Pertama silahkan anda daftar dulu akun githubnya di sini https://github.com/

  1. Dan kalau sudah, sekarang saatnya menginstal paket git di Linux kita.

    $ sudo apt-get install git-core git-gui git-doc gitg

    Setelah itu, saatnya membuat konfigurasi global untuk git ini.

    $ git config –global user.name “Full Name”
    $ git config –global user.email “your_email@youremail.com”
    $ git config –global color.ui true

    Nah terus untuk berikutnya adalah menambahkan id_rsa.pub ke git’s .ssh/authorized_keys.

    $ ssh-keygen -t rsa -C “your_email@youremail.com”

    Kalau bener nanti akan keluar tampilan kaya gini:

    Generating public/private rsa key pair.
    Enter file in which to save the key (/home/aim/.ssh/id_rsa):
    Enter passphrase (empty for no passphrase): kosongingaja
    Enter same passphrase again: kosonginaja
    Your identification has been saved in /home/aim/.ssh/id_rsa.
    Your public key has been saved in /home/aim/.ssh/id_rsa.pub.
    The key fingerprint is:
    14:cb:40:c5:6e:84:fc:fc:47:11:8b:76:b7:b2:79:1d your_email@youremail.com
    The key’s randomart image is:

    +--[ RSA 2048]----+
    | oo+o .. |
    | oooo ... |
    | =+ o o.. |
    | .=. ... . |
    | .S. .. .E |
    | . .+ ..|
    | .o . .|
    | . |
    | |
    +-----------------+

    Nah terus sekarang saatnya copy paste kode dari ssh tadi ke githubnya. Yang harus kita lakuin adalah jalanin beberapa perintah ini

    $ sudo apt-get install xclip
    $ xclip -sel clip < ~/.ssh/id_rsa.pub

    Perintah di atas fungsinya untuk melakukan copy isi file id_rsa.pub
    Kalau udah, sekarang login ke githubnya, terus masuk ke menu account setting.
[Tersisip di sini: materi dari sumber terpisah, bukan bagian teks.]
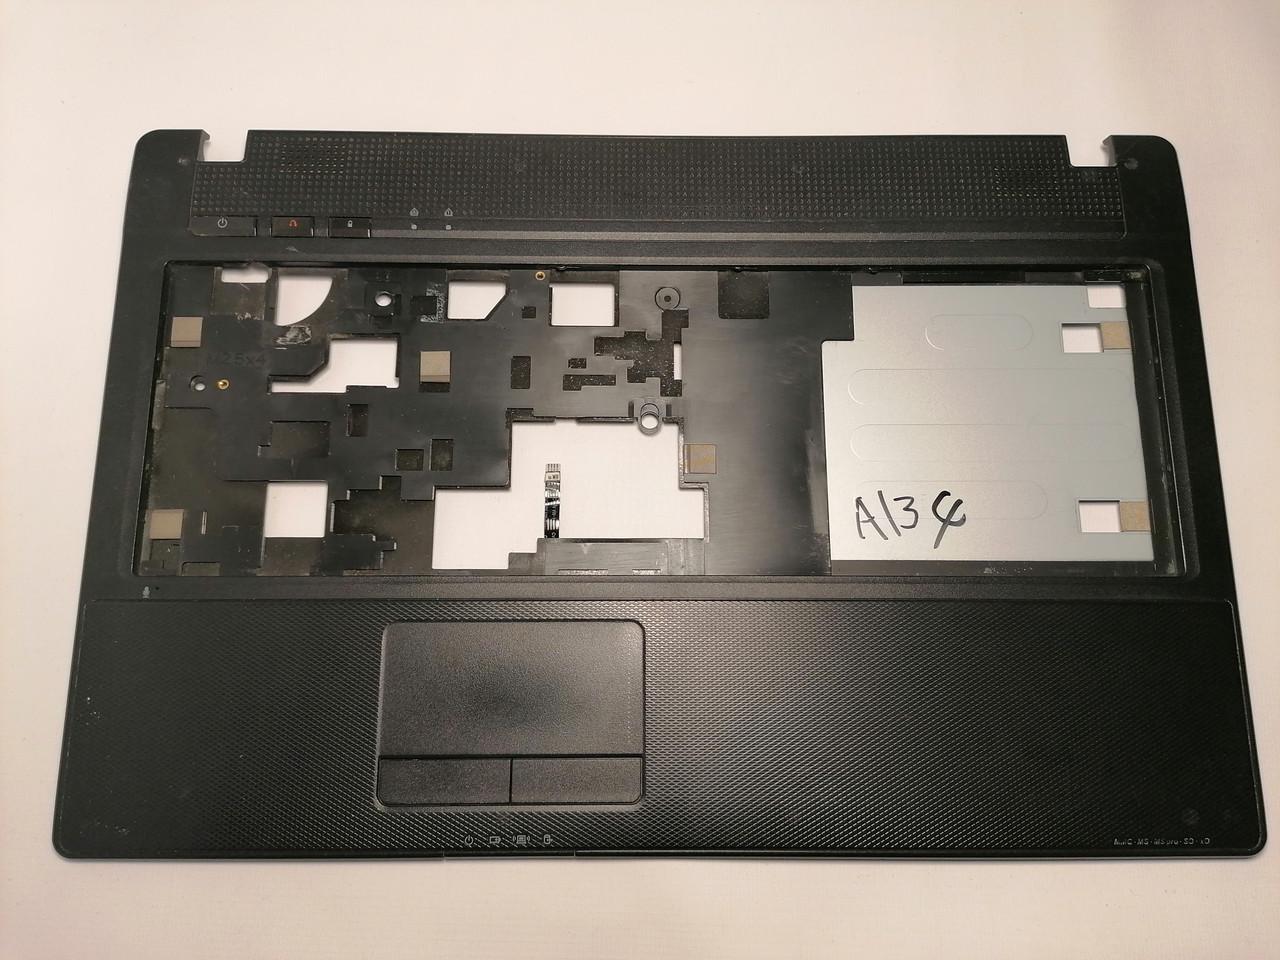 Б/У корпус крышка клавиатуры (топкейс) для LENOVO G560 G565 (AP0EZ000200)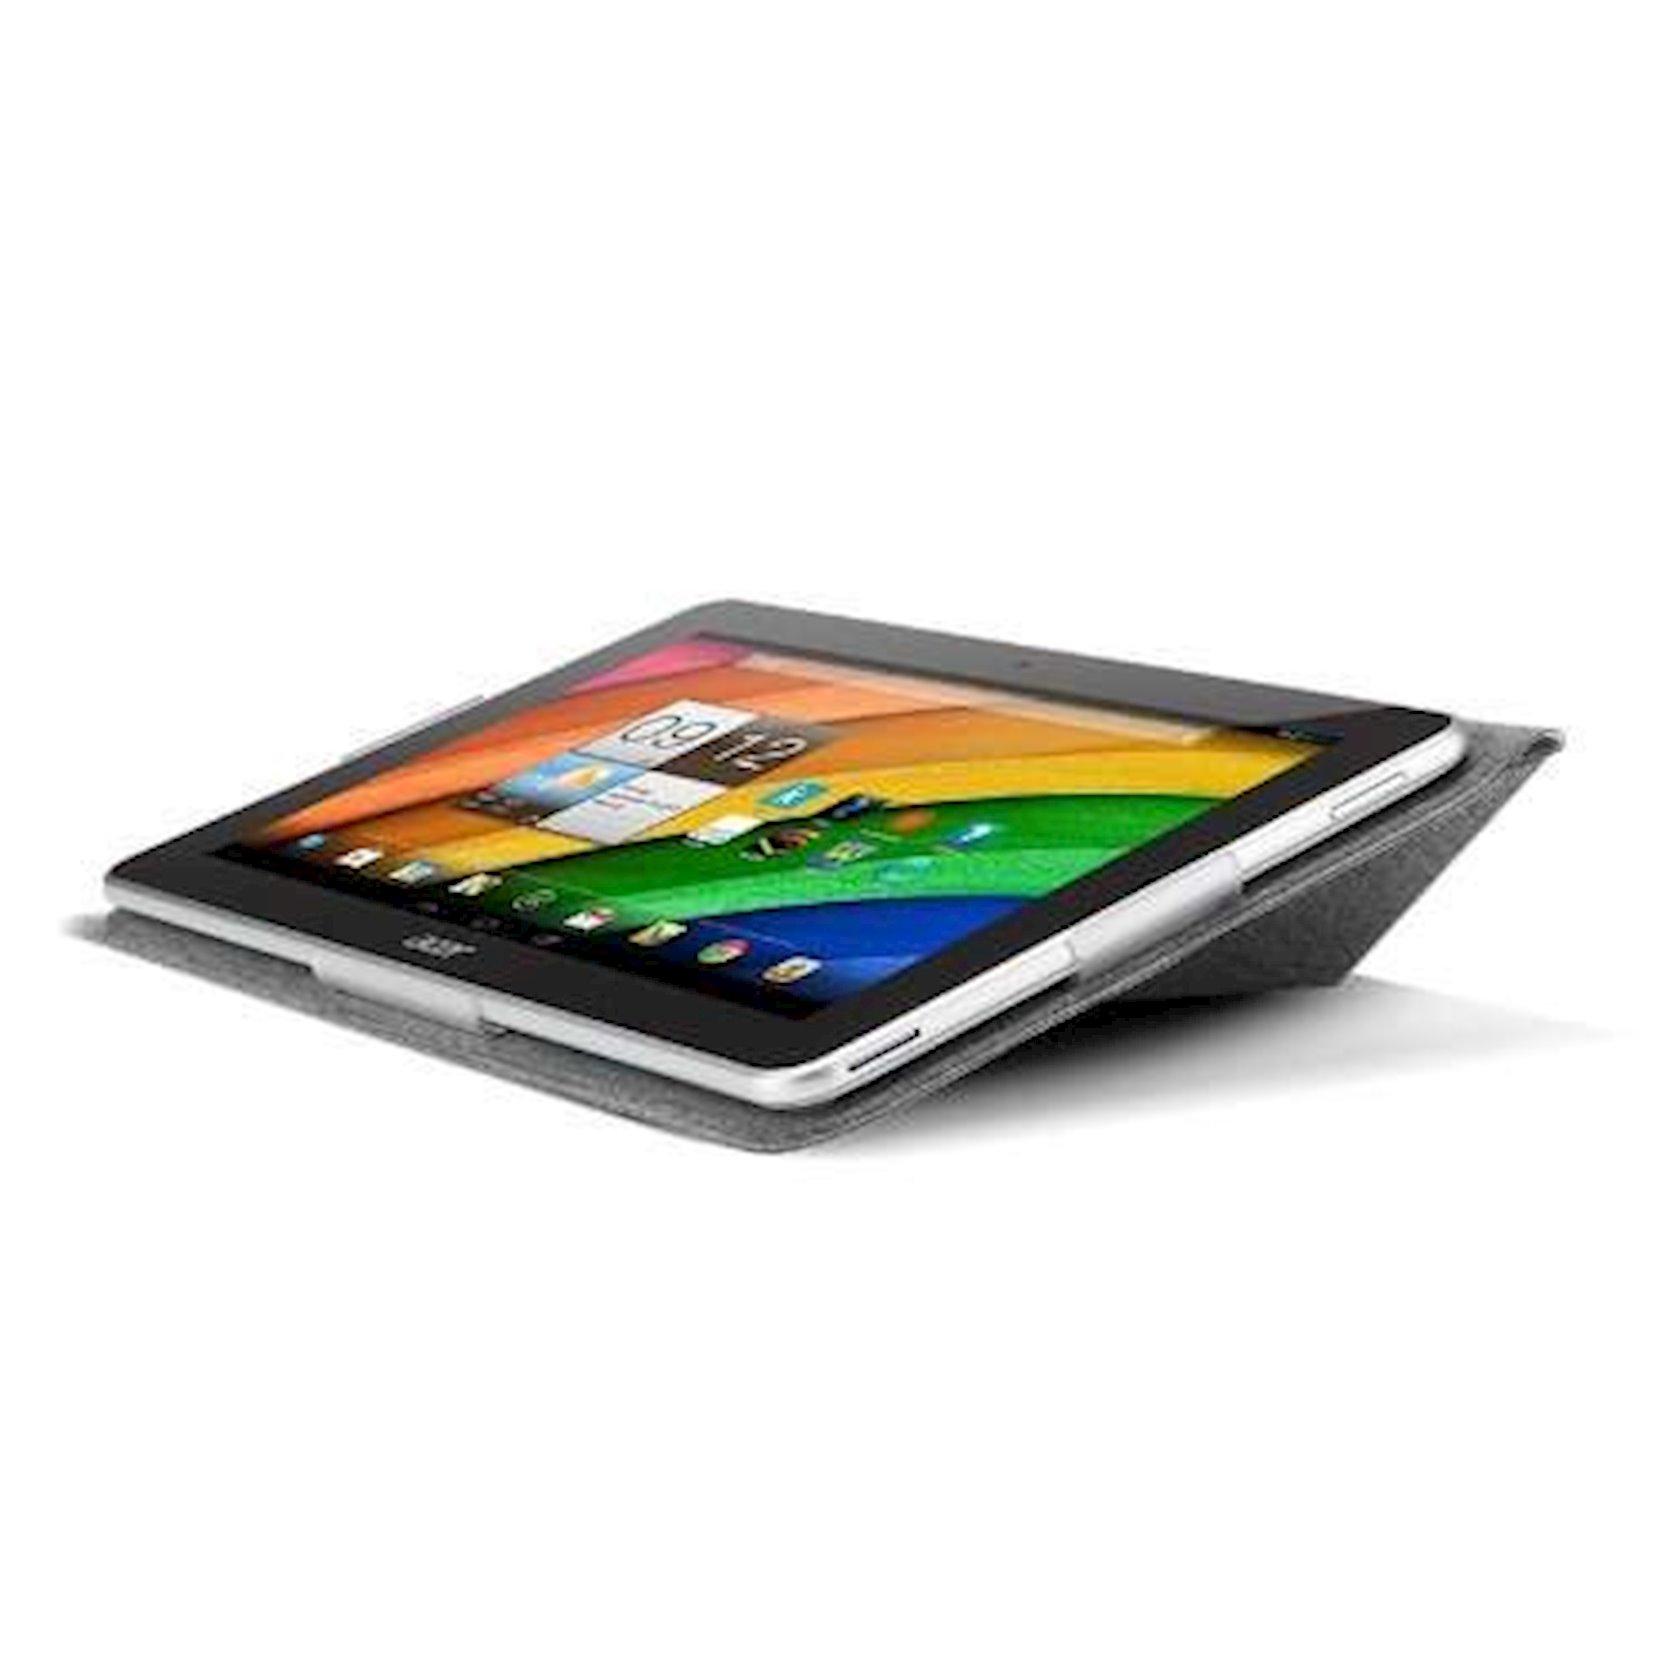 Planşet üçün çexol Acer Crunch Cover A3-A10 Ağ 25.4 sm

Lihat gambar:
    Terus pilih SSH Keys di bagian sidebars sebelah kiri.

    Terus pilih add ssh keys.

    Abis itu paste kodenya disitu dengan klik kanan terus pilih paste atau ctrl+v.

    Dan terakhir pilih add key.

    Nah terus sekarang coba kita test apakah berhasil setelah menambahkan ssa key tadi?
    Caranya adalah:

    $ ssh -T git@github.com

    Dan nanti setelah itu mungkin anda bakalan ngeliat pesan yang isinya kaya gini:

    The authenticity of host ‘github.com (207.97.227.239)’ can’t be established.
    # RSA key fingerprint is 16:27:ac:a5:76:28:2d:36:63:1b:56:4d:eb:df:a6:48.
    # Are you sure you want to continue connecting (yes/no)?

    Nah kalau muncul kaya gitu gak usah khawatir, ketik saja yes terus enter. Nanti apabila benar hasilnya akan seperti ini:

    Hi username! You’ve successfully authenticated, but GitHub does not provide shell access.

  2. Terus selanjutnya adalah membuat repository di github. Cara pembuatannya juga gak susah kok. Setelah login di github, di user bar atas klik button Create A New Repo.

    Lalu isi pada bagian Repository Name dengan nama repository yang kamu inginkan. Contoh lihat gambar di bawah ini:

    Terus kalau udah klik button Creater Repository
  3. Nah terus selanjutnya adalah cara untuk memanager repository kita. Dalam hal ini, saya masih menggunakan repository Example yang sudah dibuat sebelumnya. Atau dengan cara ini, kita bisa memanage repository kita langsung dari pc atau laptop.
    1. Pertama adalah mengclone repository.

      $ cd
      $ git clone git@github.com:Imron02/Example.git

      kode git@github.com:Imron02/Example.git itu didapatkan dengan cara mengambil alamat ssh dari repository example.

      Terus sekarang kita cek apakah ada folder baru dengan nama example?

      $ ls
      Example

      Dan lihat di atas, ternyata ada folder example disana.

    2. Lalu menambah file dan direktory

      $ cd Example

      Lalu sekarang kita membuat sebuah file README.md

      $ touch README.md
      $ mkdir Folder
      $ cp a.png Folder/

    3. Dan sekarang kita liat cara untuk melihat status perubahan.

      $ git status

      Dan hasilnya akan tampak seperti ini:

      # On branch master
      #
      # Initial commit
      #
      # Untracked files:
      #   (use “git add …” to include in what will be committed)
      #
      # Folder/
      # README.md
      nothing added to commit but untracked files present (use “git add” to track)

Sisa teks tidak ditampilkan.